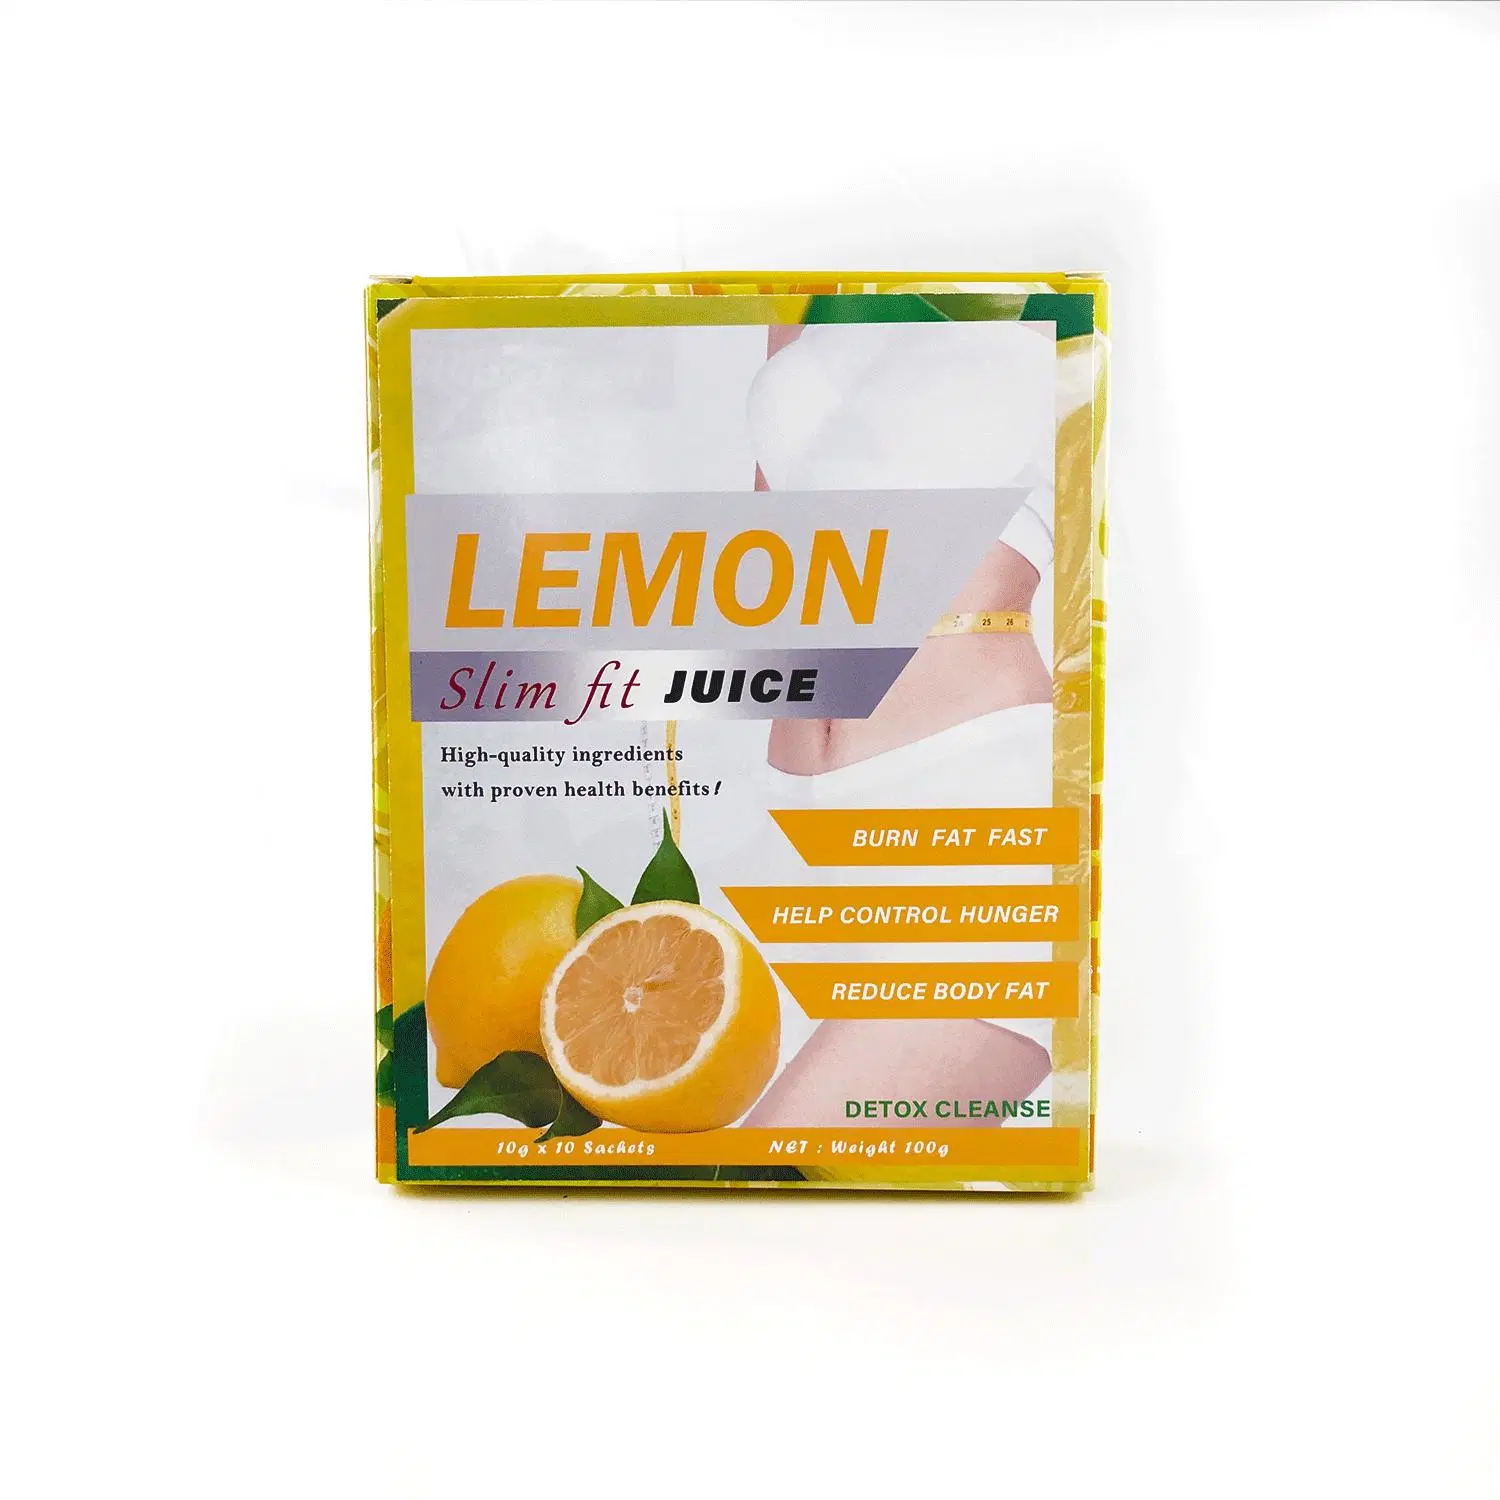 La pérdida de peso fruta Kiwi Limón naranja de la belleza de las toxinas del cuerpo de jugo adelgazante para moldear el cuerpo y mantenerse en forma
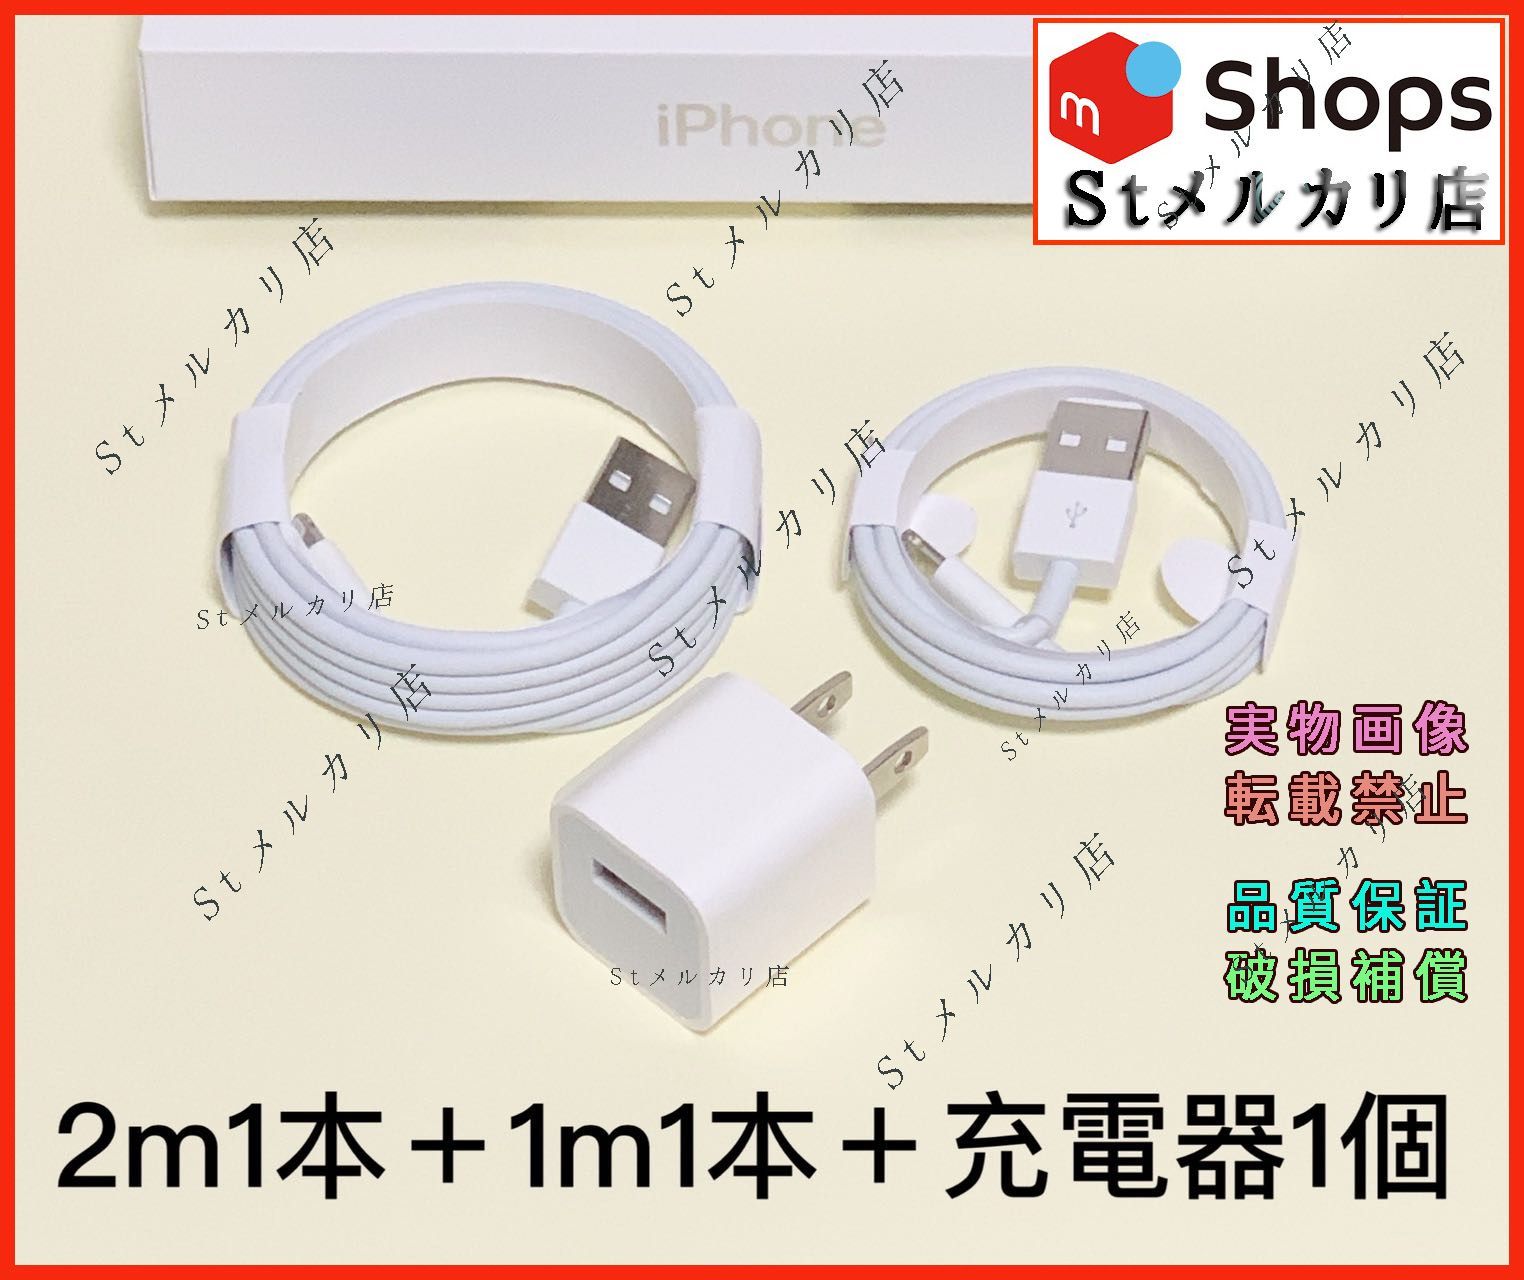 1m1本 iPhone 充電器ライトニングケーブル 純正品同等(yH)
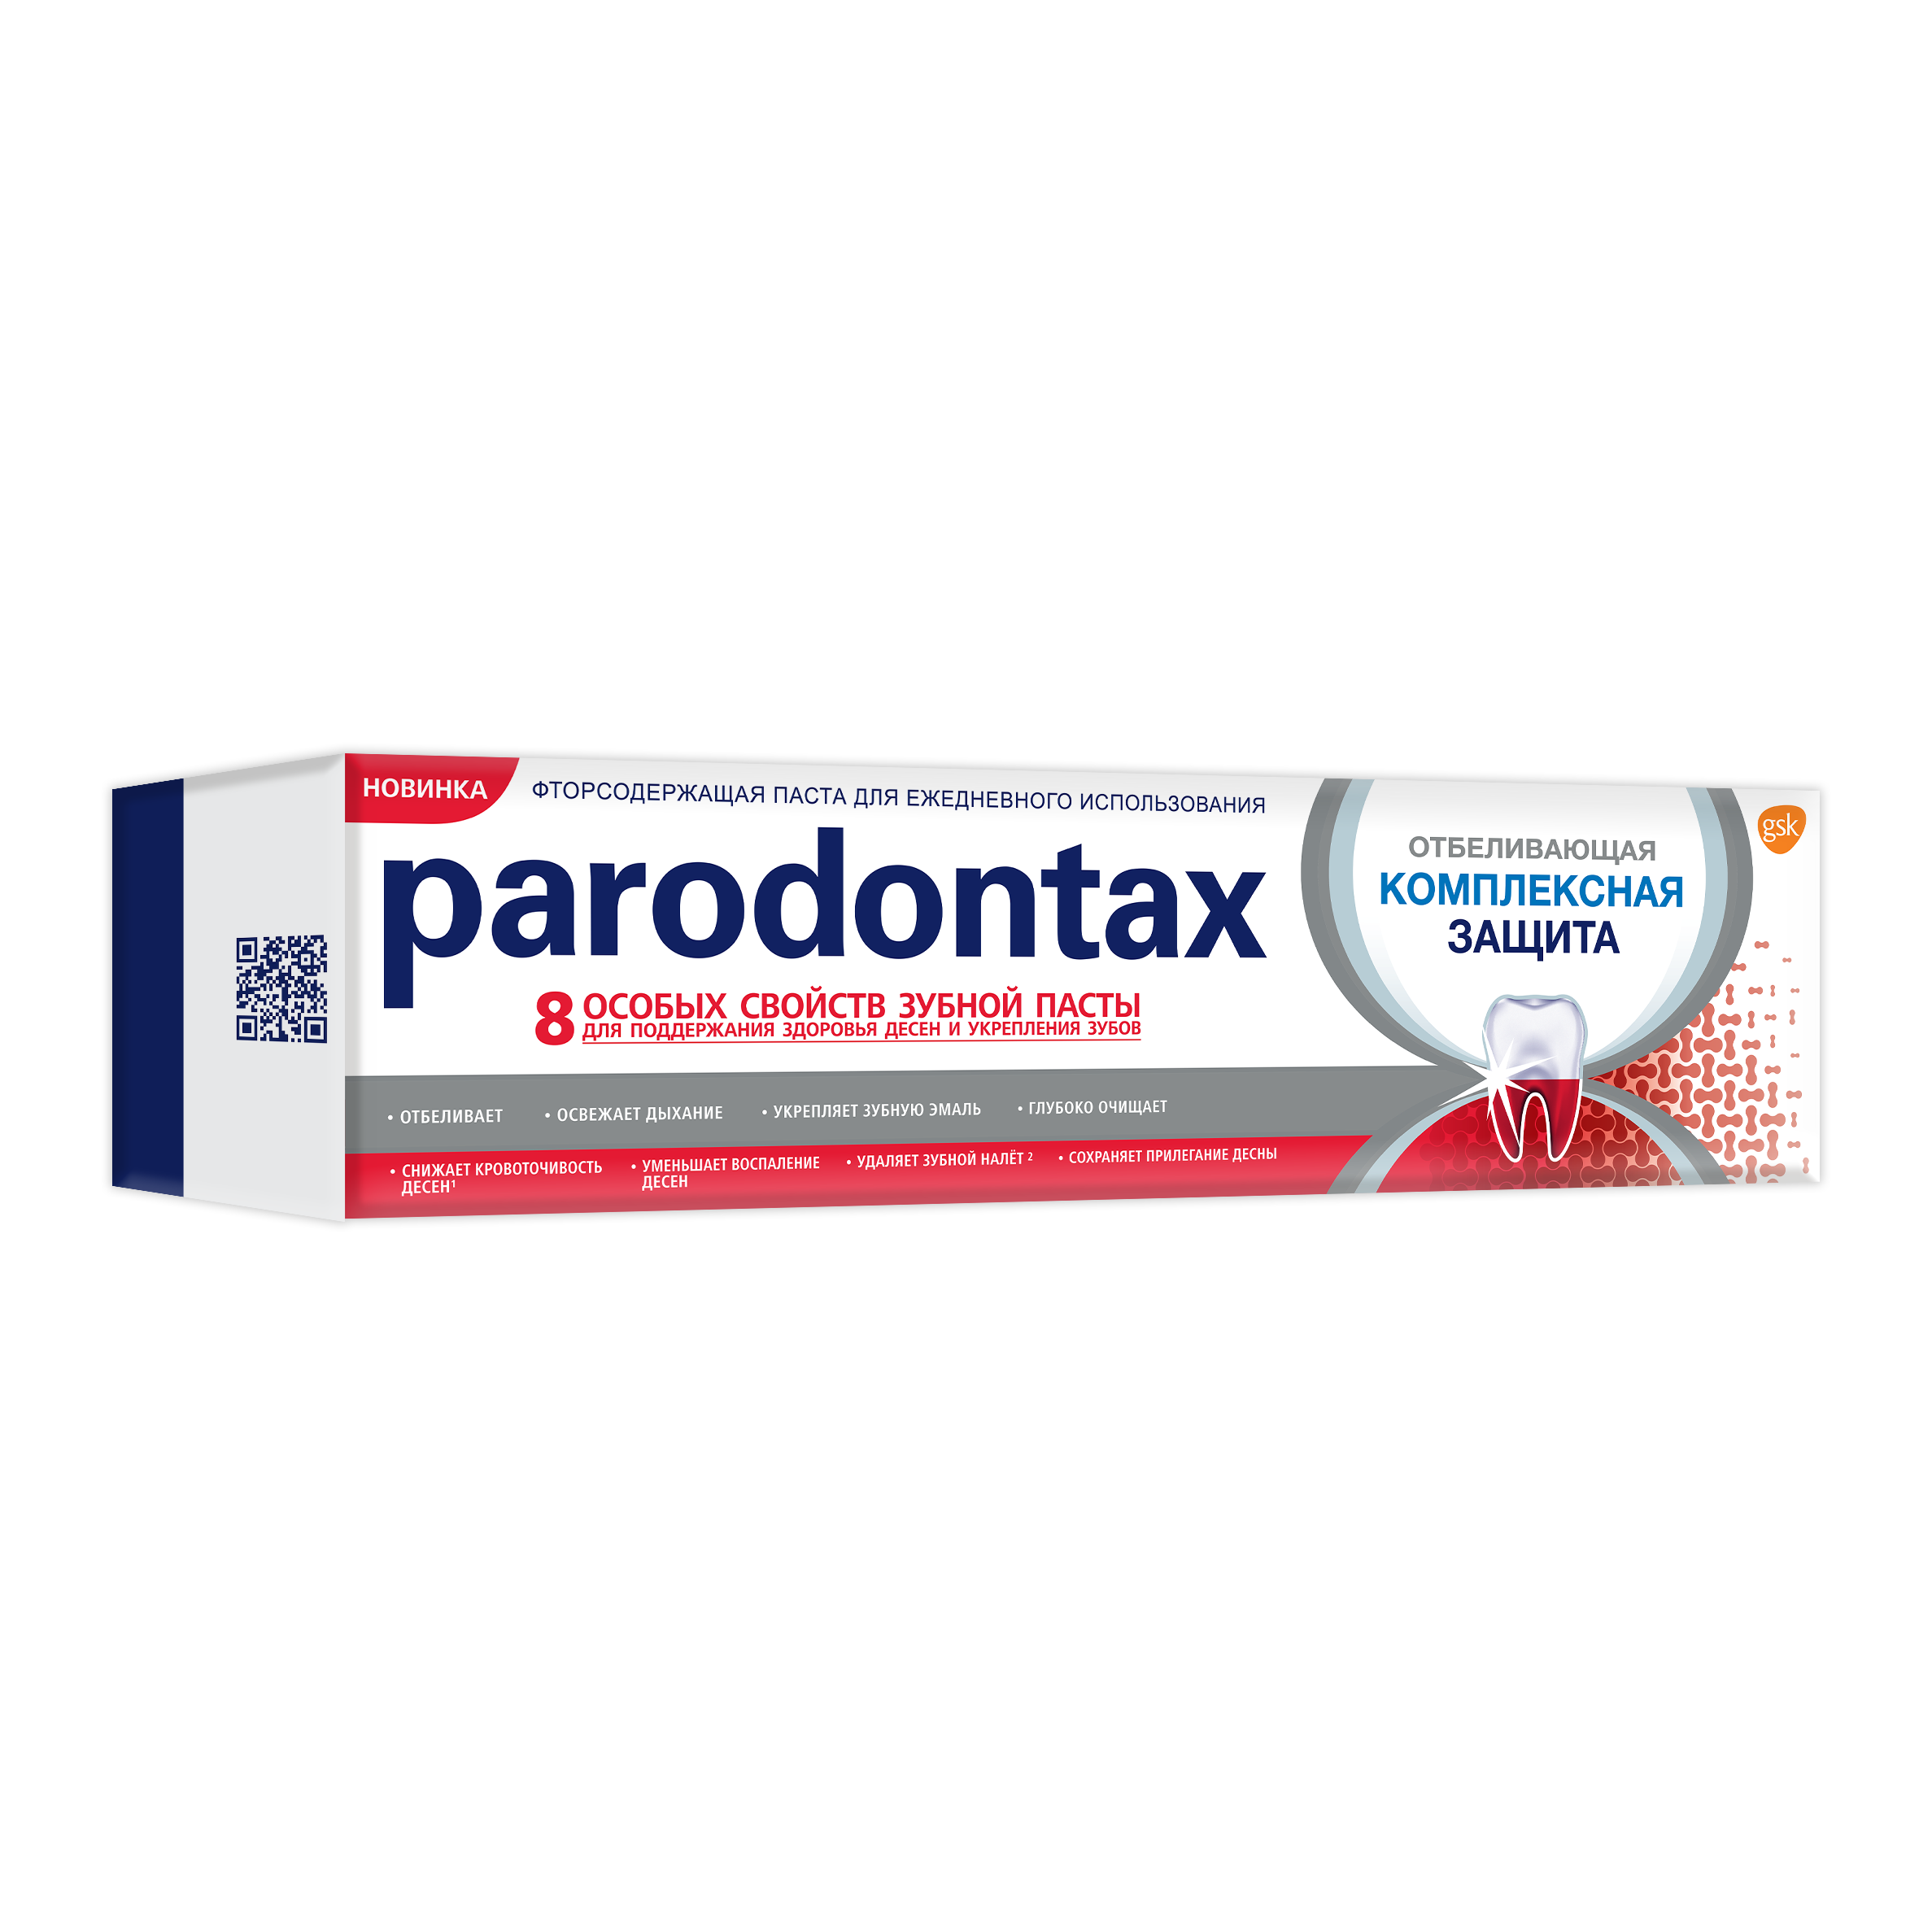 Зубная паста Parodontax Комплексная защита Отбеливающая, 75 мл - фото 4

TO DO
Send back the data above word for word, with the pictures left out.

RESPONSE
 La pérdida de peso fruta Kiwi Limón naranja de la belleza de las toxinas del cuerpo de jugo adelgazante para moldear el cuerpo y mantenerse en forma
 1m1本 iPhone 充電器ライトニングケーブル 純正品同等(yH)
 Зубная паста Parodontax Комплексная защита Отбеливающая, 75 мл - фото 4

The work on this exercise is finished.